Our hotspot analysis identified a persistent and statistically significant concentration of CVD incidence in the Northeastern US, particularly in New York, Pennsylvania, Ohio, and West Virginia, which consistently appeared as 99% confidence hotspots from 1991 to 2020. These areas feature high population density and urbanization, often linked to greater exposure to pollutants such as nitrogen dioxide and particulate matter, as well as heightened psychosocial stress—established risk factors for CVD (23, 24, 37, 38). Socioeconomic disparities, including income inequality and housing instability, may further limit access to healthy food, healthcare, and safe environments, contributing to chronic inflammation and endothelial dysfunction (38). While the spatial pattern remained largely stable, fluctuations were noted: Washington was a cold spot during 1991–2000 but not afterward, and Tennessee and Arkansas showed hotspot characteristics between 1996 and 2005. These changes suggest that short-term policy or behavioral shifts may temporarily modulate CVD risk.

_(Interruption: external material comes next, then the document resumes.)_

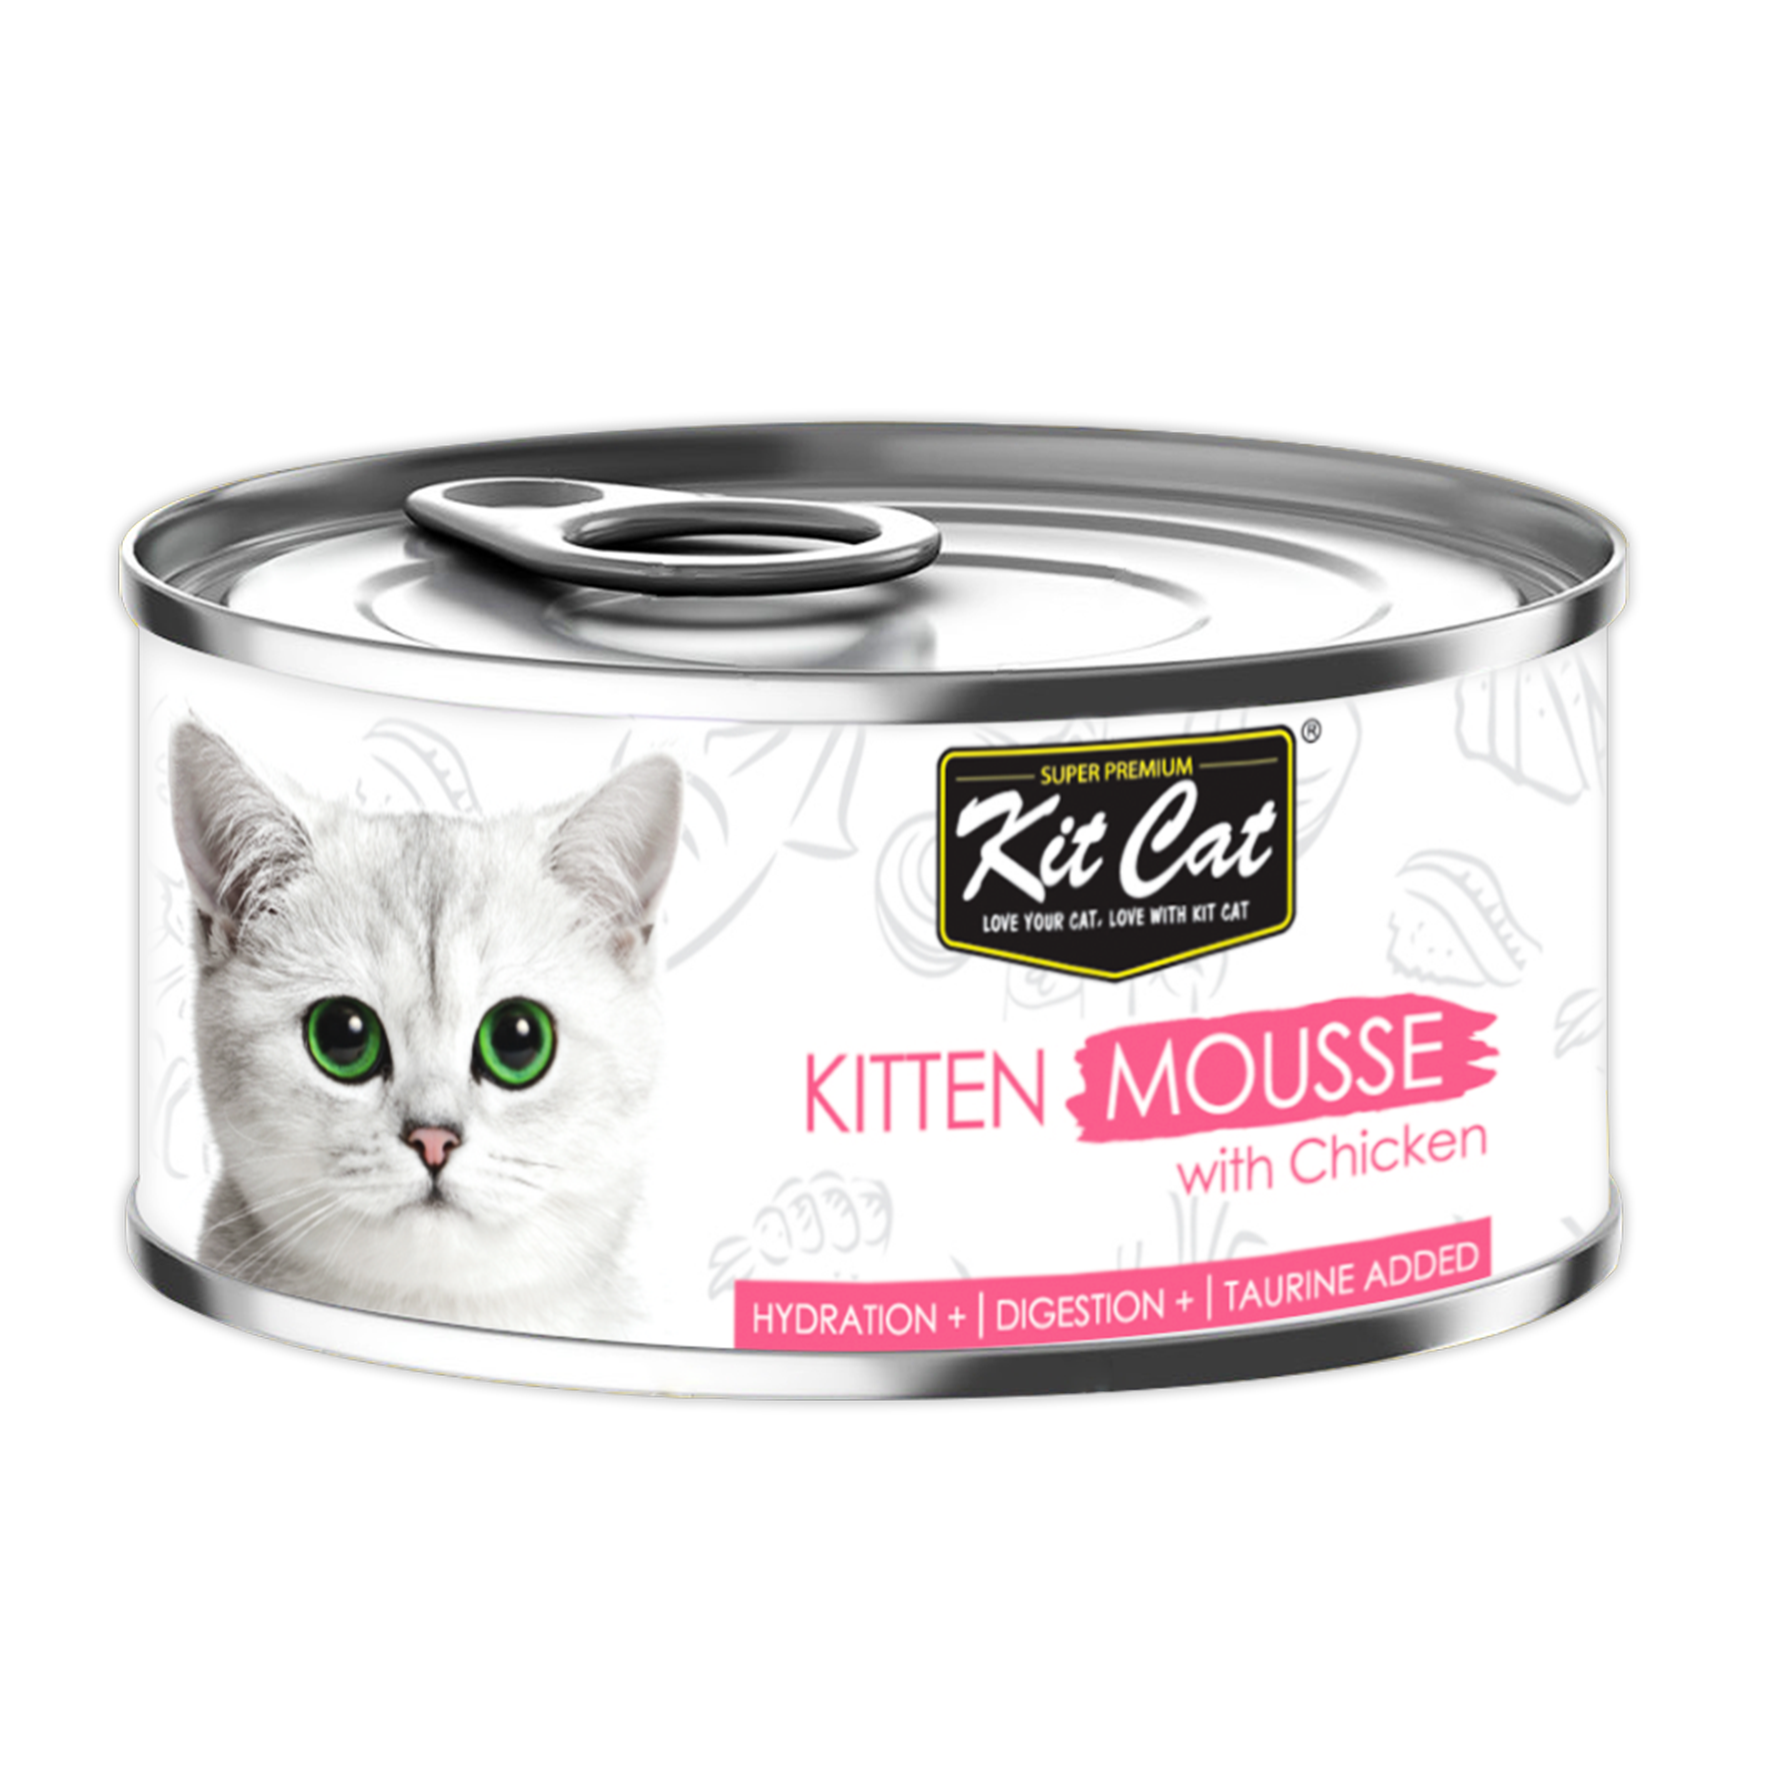 Kit Cat - Kitten Chicken Mousse | Wet Cat Food Toronto

The results between GeoDetector and GTNNWR are broadly consistent. The low intake of whole grains and tobacco has been identified as a significant factor influencing CVD. Dietary factors have also become increasingly crucial in CVD incidence, and GDP is insignificant in either model. The influence of low legume intake has shown substantial variation, transitioning from a minor impact on CVD incidence to becoming the primary influencing factor between 2010 and 2015 before declining again. This fluctuation may be related to recommendations and policies from the US Food and Drug Administration (FDA). In 1999, the FDA approved a health claim linking soy protein to reduced coronary heart disease (CHD) risk based on significant scientific consensus. However, in 2007, the FDA announced plans to re-evaluate the evidence for this claim, and in 2017, citing insufficient scientific consensus, proposed revoking it (39). In most epidemiologic studies, dietary intake is merely an estimate or subjective value. Studies that do not directly measure the concentration or amount of this variable in blood or specific tissues or do not explicitly exclude the effects of other caloric substitutes have results that warrant careful consideration, as they may introduce misclassification. Additionally, many dietary factors only influence CVD when intake reaches a certain threshold, below which socioeconomic or other factors may introduce bias (39, 40). This study’s data, sourced from the GBD database, may also face similar limitations, highlighting the need for more precise and detailed original data to evaluate soy’s impact on CVD better.
Despite their overall consistency, slight differences were observed between the results of the two models. These differences may be attributed to the models’ distinct analytical approaches and temporal characteristics. The GTNNWR model is adept at capturing localized spatiotemporal effects and identifying spatial variation, while GeoDetector excels in assessing the spatial explanatory power of variables through variance analysis, particularly for factors with spatial heterogeneity. Additionally, temporal misalignment between the models could play a role, as some factors, such as prolonged exposure to certain conditions, require time to impact CVD significantly. In contrast, others, like short-term elevated temperatures or air pollution, can have immediate effects (33, 41).
5 Limitations
While this study provides valuable insights into the spatial–temporal heterogeneity and driving factors of CVD incidence, several limitations must be acknowledged.
First, limitations in data granularity and collection procedures may have influenced our findings. Our analysis relies on state-level data, which may overlook important variations at finer geographic scales—such as counties, cities, or neighborhoods—thereby potentially masking localized patterns in CVD incidence. This highlights the need for future research to incorporate more granular data, such as county-level health records or electronic medical data, to enable more targeted disease prevention efforts. Additionally, given the scale and complexity of GBD data collection and the involvement of numerous contributors, some degree of epidemiological uncertainty may arise from underlying assumptions or inconsistencies in data reporting.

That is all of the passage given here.